Now that the return value semantics of cv's for multithreaded processes
have been unified with that of msleep(9), further refine the sleepq
interface and consolidate some duplicated code:
- Move the pre-sleep checks for theaded processes into a
thread_sleep_check() function in kern_thread.c.
- Move all handling of TDF_SINTR to be internal to subr_sleepqueue.c.
Specifically, if a thread is awakened by something other than a signal
while checking for signals before going to sleep, clear TDF_SINTR in
sleepq_catch_signals(). This removes a sched_lock lock/unlock combo in
that edge case during an interruptible sleep. Also, fix
sleepq_check_signals() to properly handle the condition if TDF_SINTR is
clear rather than requiring the callers of the sleepq API to notice
this edge case and call a non-_sig variant of sleepq_wait().
- Clarify the flags arguments to sleepq_add(), sleepq_signal() and
sleepq_broadcast() by creating an explicit submask for sleepq types.
Also, add an explicit SLEEPQ_MSLEEP type rather than a magic number of
0. Also, add a SLEEPQ_INTERRUPTIBLE flag for use with sleepq_add() and
move the setting of TDF_SINTR to sleepq_add() if this flag is set rather
than sleepq_catch_signals(). Note that it is the caller's responsibility
to ensure that sleepq_catch_signals() is called if and only if this flag
is passed to the preceeding sleepq_add(). Note that this also removes a
sched_lock lock/unlock pair from sleepq_catch_signals().

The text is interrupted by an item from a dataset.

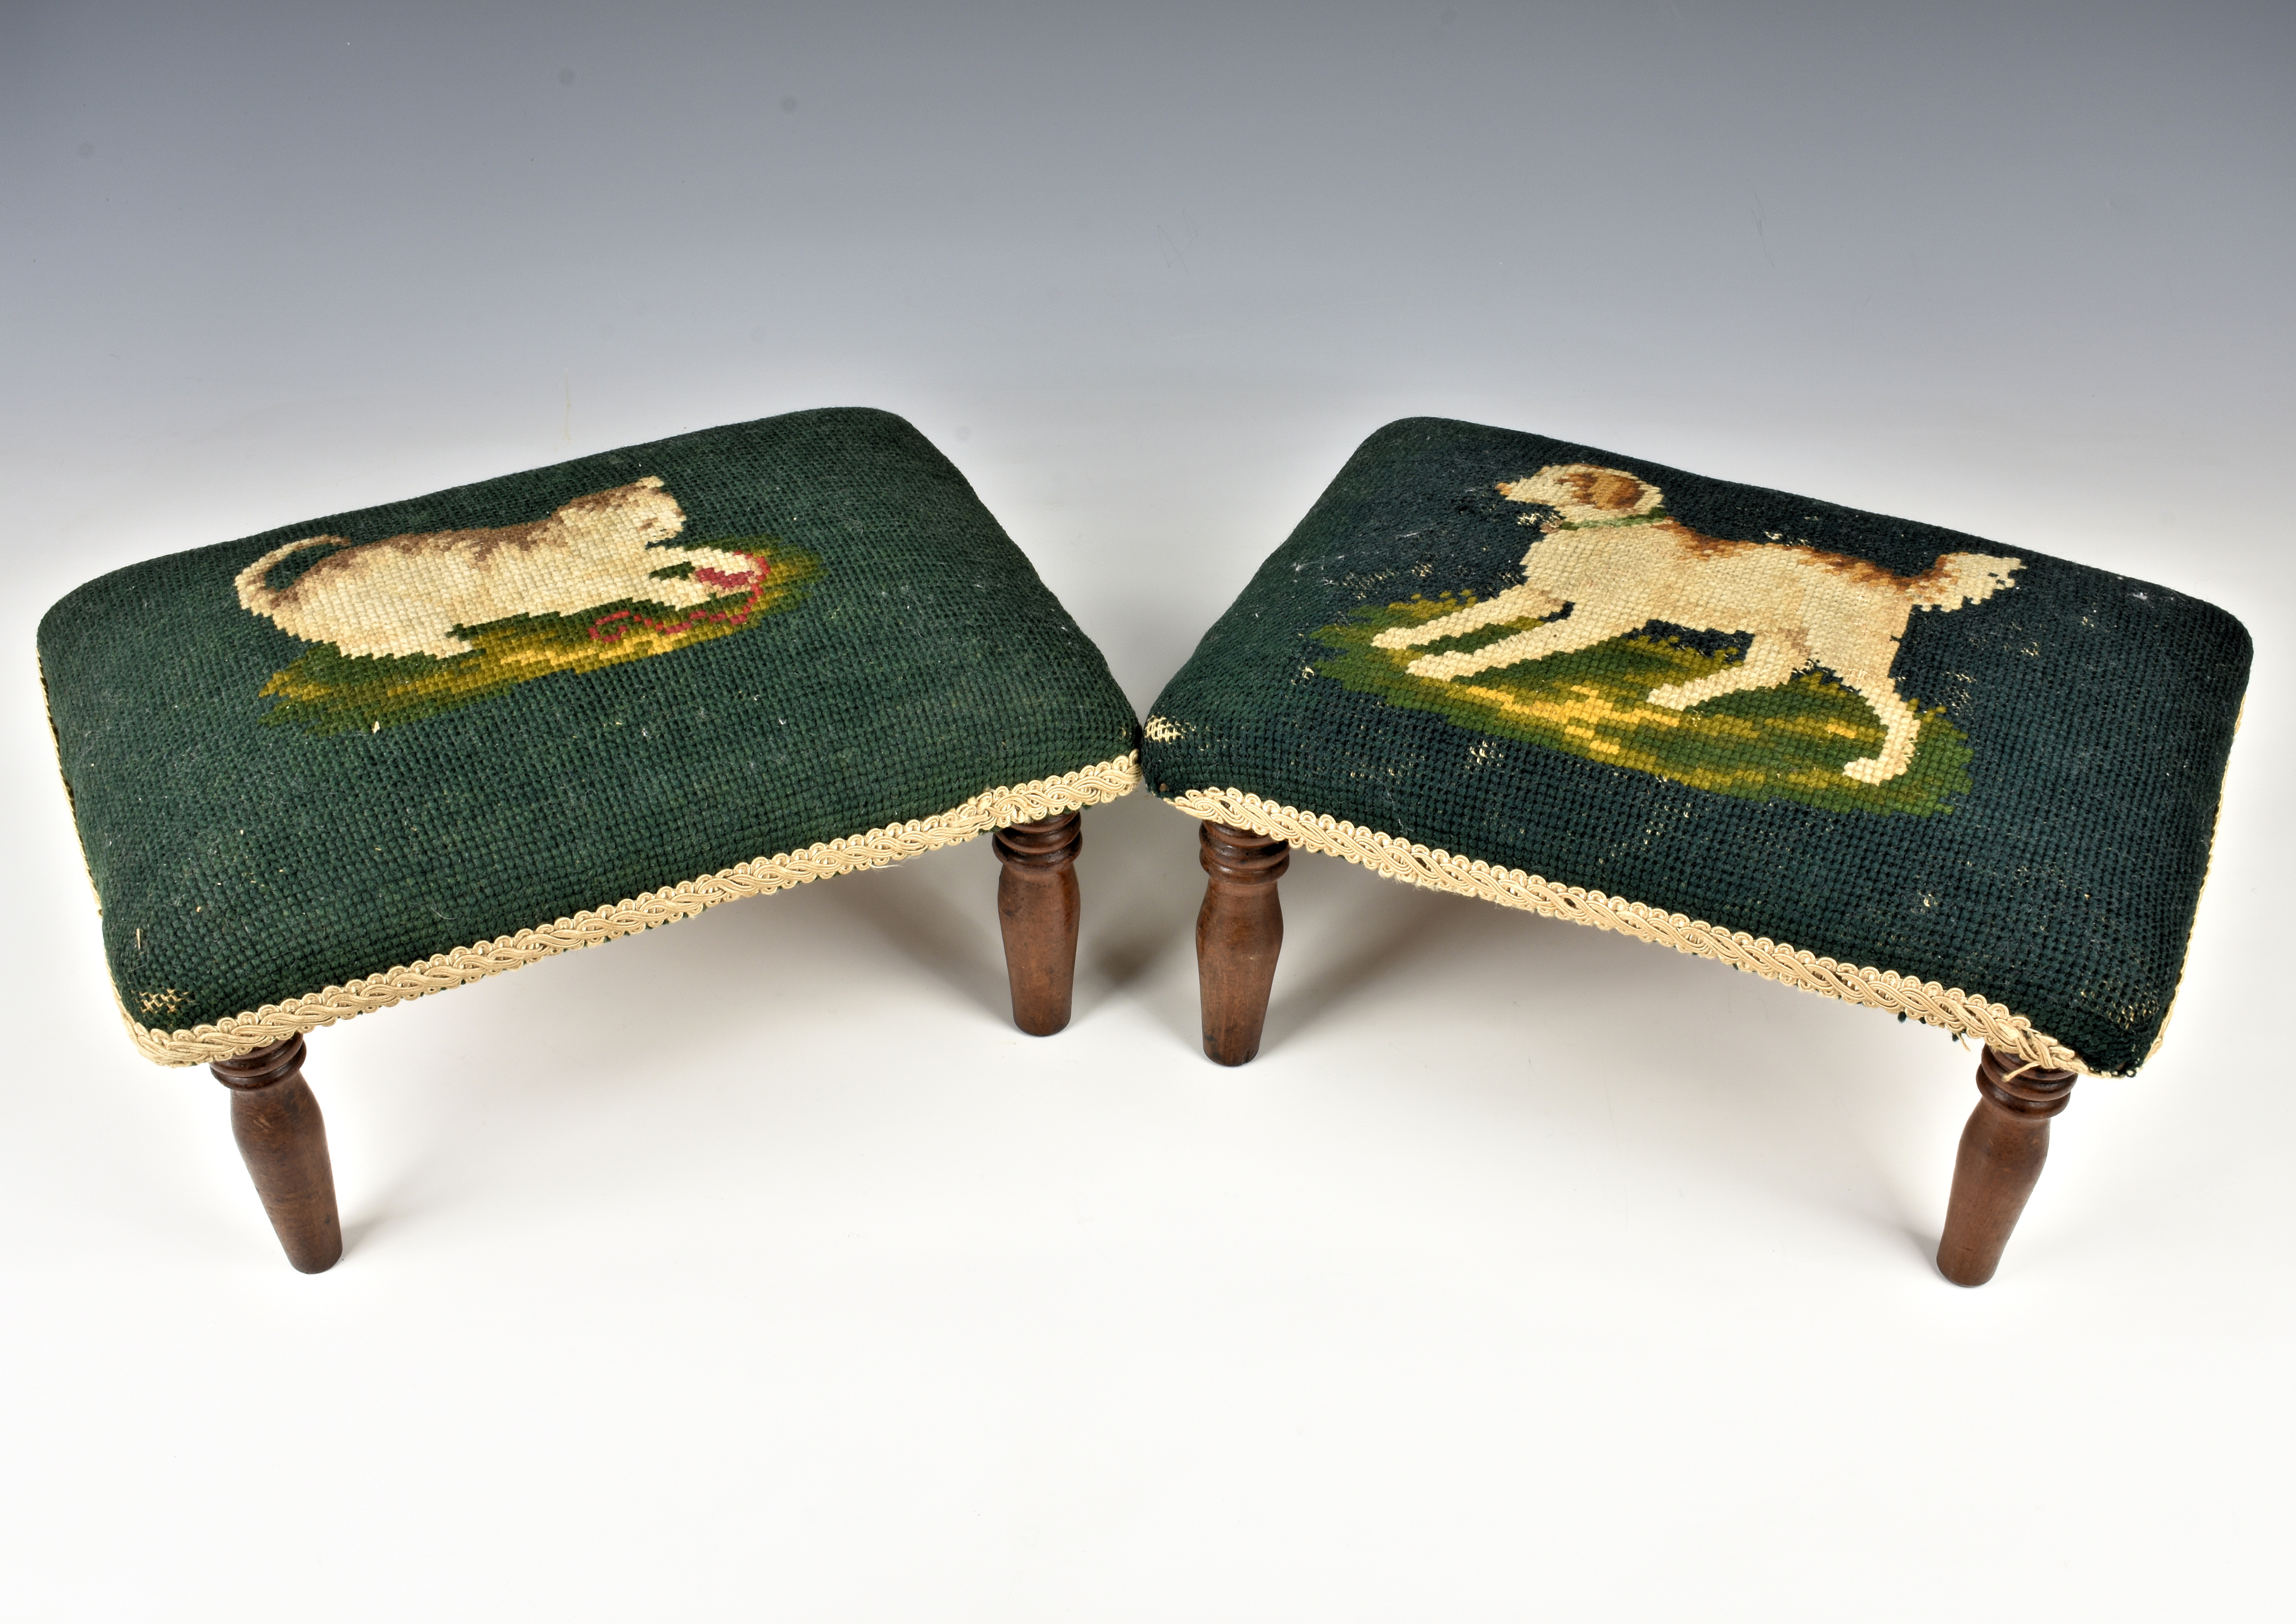 A pair of Victorian embroidered foot stools the rectangular cushions embroidered with a kitten

It also ensures
that for an interruptible sleep, TDF_SINTR is always set when
TD_ON_SLEEPQ() is true.


# 133440 10-Aug-2004 jhb

Synchronize the extra SA threading checks and return value handling of
condition variables with that of msleep().

Reviewed by: davidxu


# 131249 28-Jun-2004 jhb

Remove the signal_caught argument from sleepq_timedwait() as it was
effectively always zero.


# 127954 06-Apr-2004 jhb

Associate a simple count of waiters with each condition variable. The
count is protected by the mutex that protects the condition, so the count
does not require any extra locking or atomic operations. It serves as an
optimization to avoid calling into the sleepqueue code at all if there are
no waiters.

Note that the count can get temporarily out of sync when threads sleeping
on a condition variable time out or are aborted. However, it doesn't hurt
to call the sleepqueue code for either a signal or a broadcast when there
are no waiters, and the count is never out of sync in the opposite
direction unless we have more than INT_MAX sleeping threads.


# 126885 12-Mar-2004 jhb

- Remove old sleep queues.
- Remove sleepqueue argument from sleepq_set_timeout() since it is not
used.


# 126326 27-Feb-2004 jhb

Switch the sleep/wakeup and condition variable implementations to use the
sleep queue interface:
- Sleep queues attempt to merge some of the benefits of both sleep queues
and condition variables. Having sleep qeueus in a hash table avoids
having to allocate a queue head for each wait channel. Thus, struct cv
has shrunk down to just a single char * pointer now. However, the
hash table does not hold threads directly, but queue heads. This means
that once you have located a queue in the hash bucket, you no longer have
to walk the rest of the hash chain looking for threads. Instead, you have
a list of all the threads sleeping on that wait channel.
- Outside of the sleepq code and the sleep/cv code the kernel no longer
differentiates between cv's and sleep/wakeup. For example, calls to
abortsleep() and cv_abort() are replaced with a call to sleepq_abort().
Thus, the TDF_CVWAITQ flag is removed. Also, calls to unsleep() and
cv_waitq_remove() have been replaced with calls to sleepq_remove().
- The sched_sleep() function no longer accepts a priority argument as
sleep's no longer inherently bump the priority. Instead, this is soley
a propery of msleep() which explicitly calls sched_prio() before
blocking.
- The TDF_ONSLEEPQ flag has been dropped as it was never used. The
associated TDF_SET_ONSLEEPQ and TDF_CLR_ON_SLEEPQ macros have also been
dropped and replaced with a single explicit clearing of td_wchan.
TD_SET_ONSLEEPQ() would really have only made sense if it had taken
the wait channel and message as arguments anyway. Now that that only
happens in one place, a macro would be overkill.


# 124944 25-Jan-2004 jeff

- Add a flags parameter to mi_switch. The value of flags may be SW_VOL or
SW_INVOL. Assert that one of these is set in mi_switch() and propery
adjust the rusage statistics. This is to simplify the large number of
users of this interface which were previously all required to adjust the
proper counter prior to calling mi_switch(). This also facilitates more
switch and locking optimizations.
- Change all callers of mi_switch() to pass the appropriate paramter and
remove direct references to the process statistics.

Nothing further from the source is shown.